Her light-brown face tilted up to him, more somber than usual, especially when she was out riding.

“Do you think we’ll ever see Aunt Naomi and the others again? I’m afraid to ask Maem because I know it makes her sad.”

Sweet child, always considering her mother.

This was why it was impossible to fuss too much at her about her inefficient question-asking.

Still, Hamish had to be careful with his words.

Alban—who Dorie had already taken to calling Da—had warned him over and over again to protect the girl’s feelings.

She’d already been through so much with her abusive birth father.

“Well, what do you think?” he asked with a gruff-but-gentle tone.

He’d been trying to soften his speaking voice as of late, now that there were she-wolves living in his and Alban’s house.

“Da says we’ll get them back, no matter what. But the boys at school say we never got the first stolen brides back, and it’s unlikely we’ll ever see these lost brides again, either.”

Dorie’s shoulders sank a bit.

“I saw Aunt Tara crying in Uncle Magnus’s arms the last time I went to the castle stables,” she said.

“She didn’t see me coming around the corner. But she was telling him it was all her fault and she had no idea how to break the news to everybody back in Canada because she knew they’d flip.”

No doubt.

Tara was lucky that the Wolfennite community she’d gotten to agree to the exchange didn’t believe in technology, or the gig would’ve already been up for their new queen.

Hamish had no idea how Tara would clever her way out of this jammy.

But one thing was for certain.

..

“This is why it’s never a good idea to discount children,” he told his thoughtful granddaughter.

“You often get the right of a situation without even having to grow up.”

“But what does that mean?” Dorie asked.

“Which one of them is right?”

“Well, what do you think?” he asked her back.

“I think…” Dorie worked her jaw, her thoughts clearly churning.

“I think... Da should stay here in Scotland. Not go to Ireland looking for them again. We’re happy, the four of us. And the Irish Wolves’ leader said they’d let any brides who want to come back return in the spring.”

Hamish nodded, agreeing with her conclusion.

But...

“Knowing the male your Da is, do you think he can do that?”

“No,” Dorie answered, her voice miserable as they rounded the corner that led to the main road toward the Faoiltiarn gates.

“But I have such a bad feeling about the February trip. I wish there was a way to—Do you smell that?”

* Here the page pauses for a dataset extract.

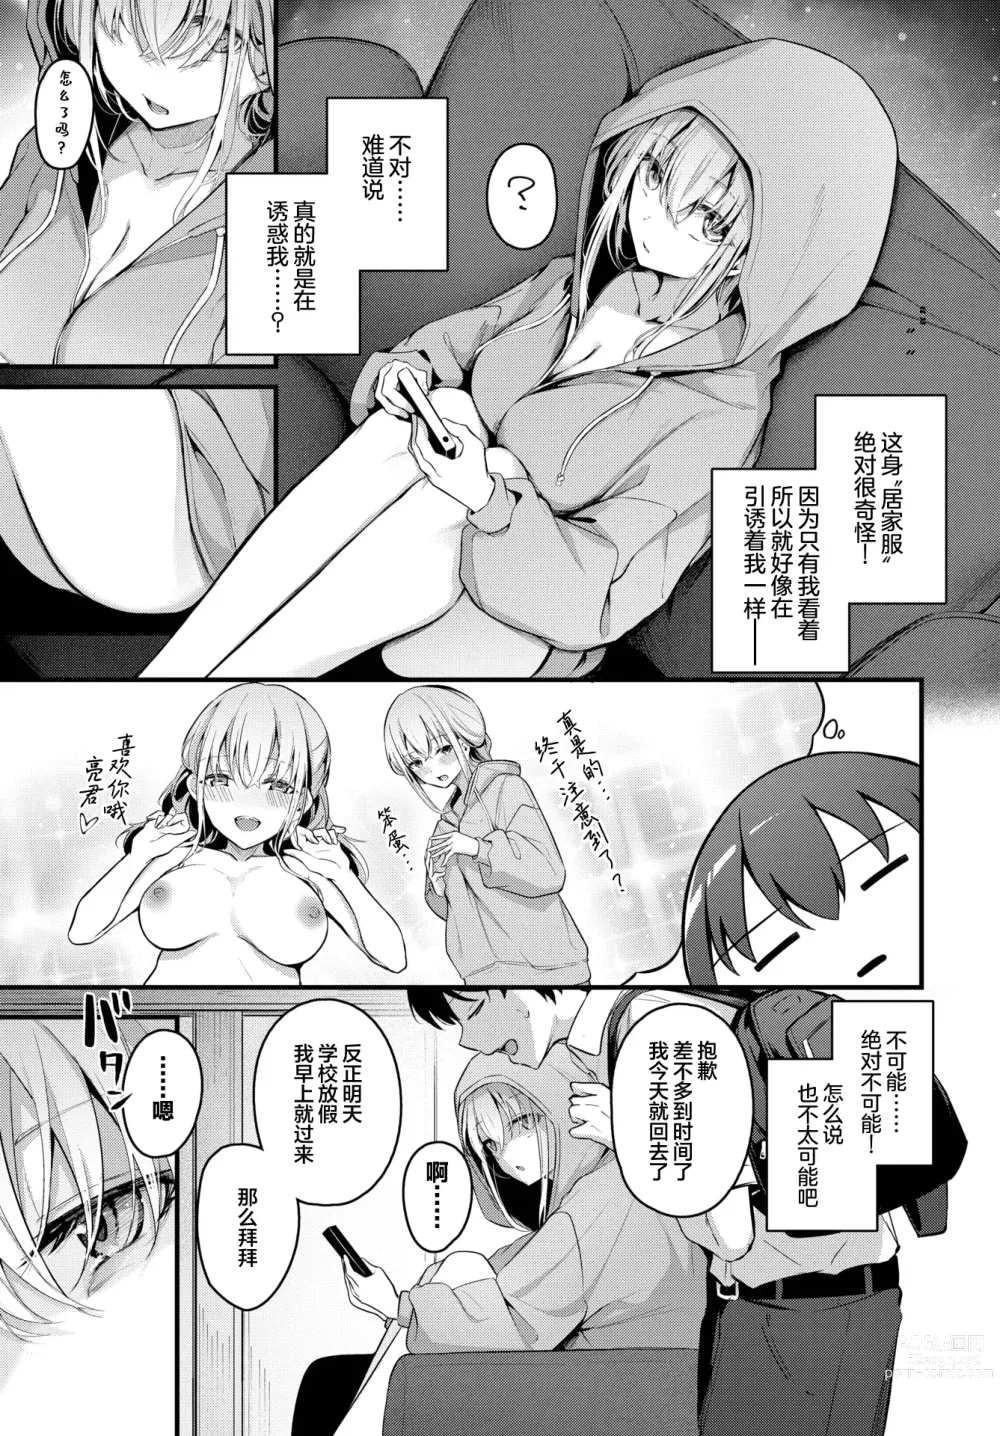 Page 4 of manga Hikikomori Kanojo

She broke off, straightening in her saddle and lifting her nose with an audible sniff.

“Is that Wolfennite named Sadie back? There’s an odd smell in the air. Do you think…?”

Dorie had a crackerjack nose.

She could even smell something as sensitive as the sex of a baby before the mother did.

But the issue with having an exceptional sense of smell was that sometimes you forgot to use your other good senses.

Like your eyes.

Hamish, with his average sense of smell, didn’t forget to scan the distance for the source of Dorie’s scent.

And when he did, his entire world came to a halt.

Standing at the town’s gate—where a 24/7 sentry had been posted ever since the second Irish kidnapping—stood the most mesmerizing female he’d ever seen.

She wore a plain blue dress and black bonnet, like all the other Wolfennites.

But she was maybe twice as old as one of their brides.

Short but sturdy, with eyes that might have been large if they weren’t squinted up in suspicion.

Her accented voice floated back to their ears.

“Listen to me now. My name is Claudine Ellis, and I’m here to see my daughter, Sadie,” she was telling the sentry.

“It’s taken some kind of misery and paperwork to even get here. You will not hold me up, little boy. You will be taking me to my daughter, Sadie, right now.”

“Sadie’s Maem seems mean,” Dorie whispered beside him.

“I agree,” Hamish whispered back to his dearest granddaughter.

Then he climbed down from his horse to introduce himself to the female he already knew, deep in his bones, would change his life.